STORED DATA.
╔══
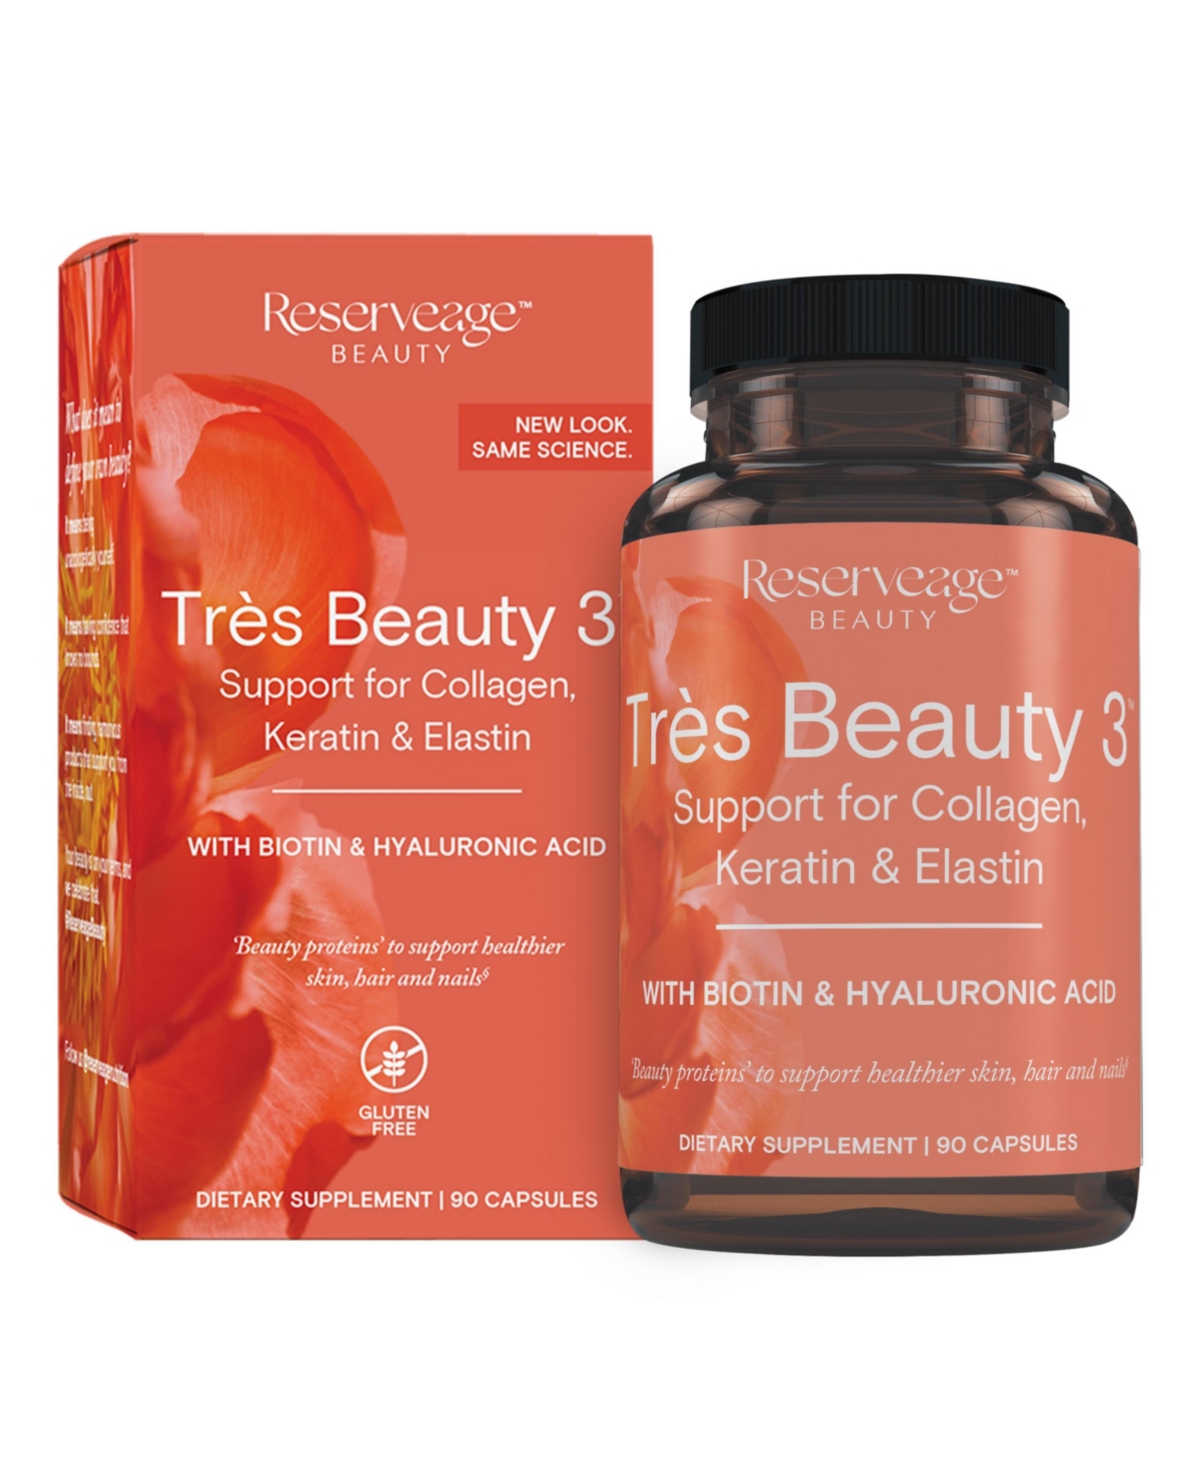 Tres Beauty 3, Beauty Supplement for Hair, Skin and Nails with Collagen, Keratin and Biotin, Gluten Free, 90 Capsules (30 Servings)
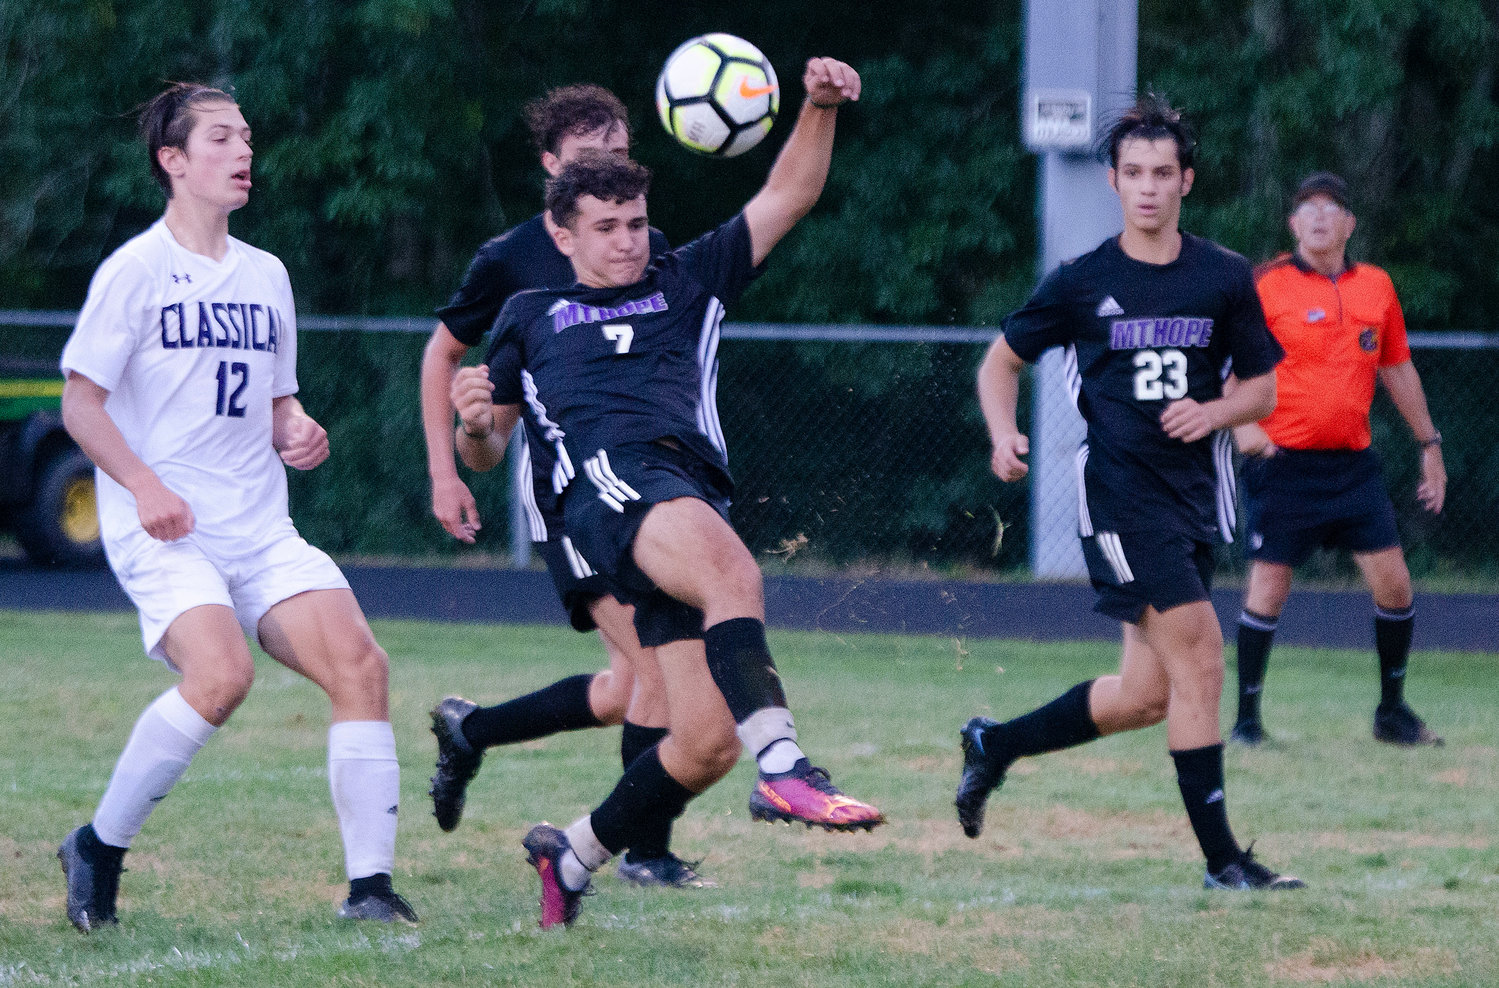 Senior midfielder Parker Camelo attempts to kick in a pass from a free kick late in the game. Jesse Wilson is at right.
Wilson scored the Huskies lone goal to tie the game in the second half.
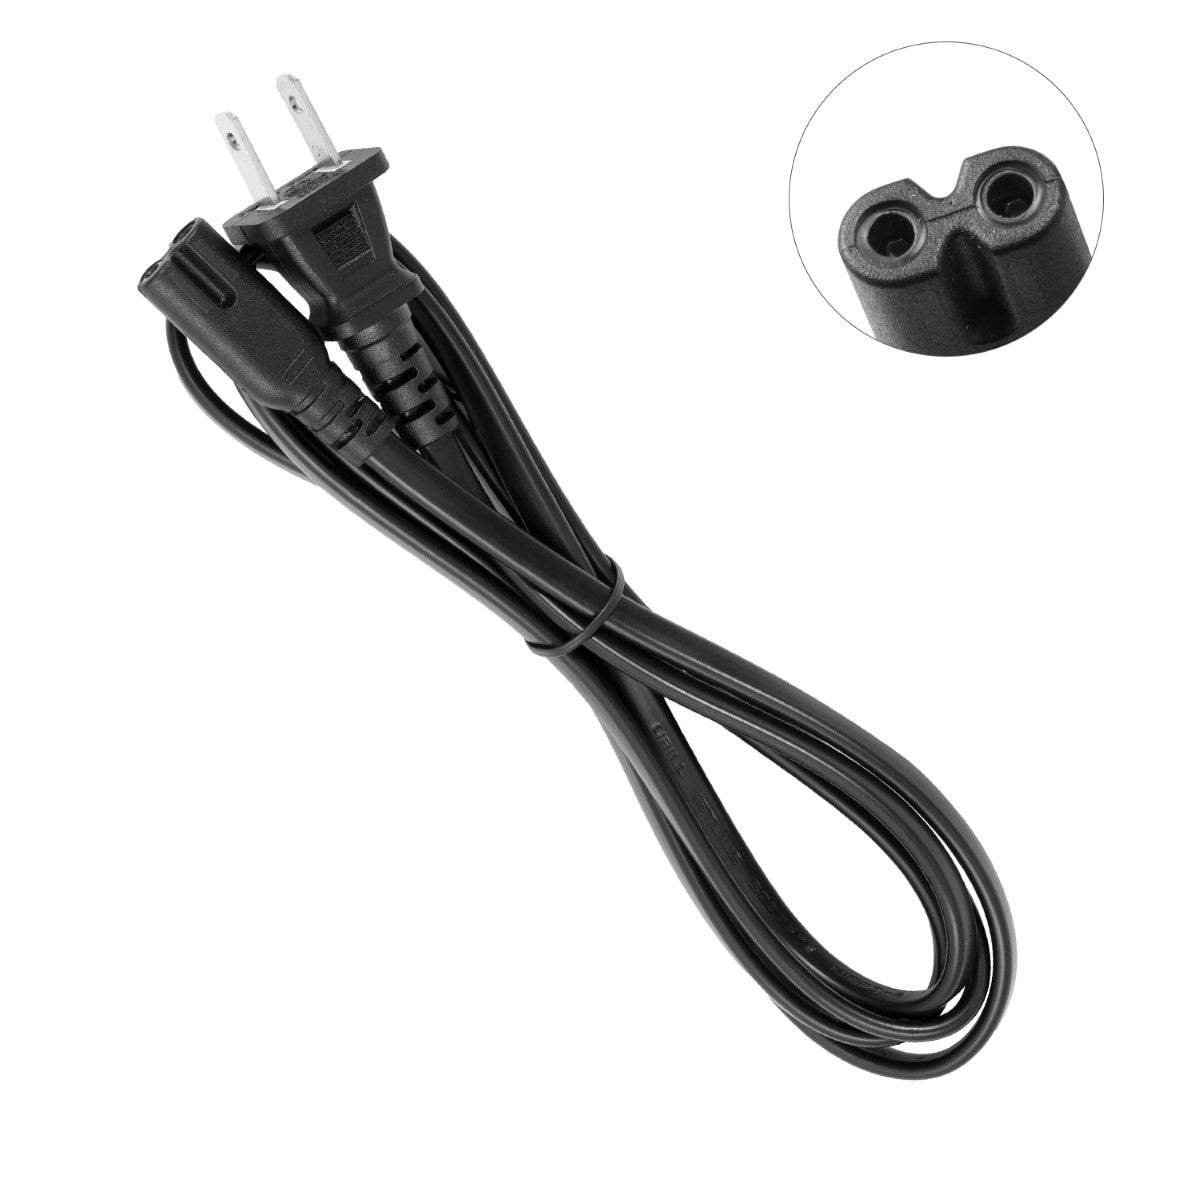 Power Cord for HP ENVY 5646 e-All-in-One Printer.
╚══
BRIEF. Beginning with the line that contains "Senior midfielder Parker", output each line of the material above through the last one exactly as it stands. Do not include the pictures.

TASK OUTPUT.
 Senior midfielder Parker Camelo attempts to kick in a pass from a free kick late in the game. Jesse Wilson is at right.
Wilson scored the Huskies lone goal to tie the game in the second half.
 Power Cord for HP ENVY 5646 e-All-in-One Printer.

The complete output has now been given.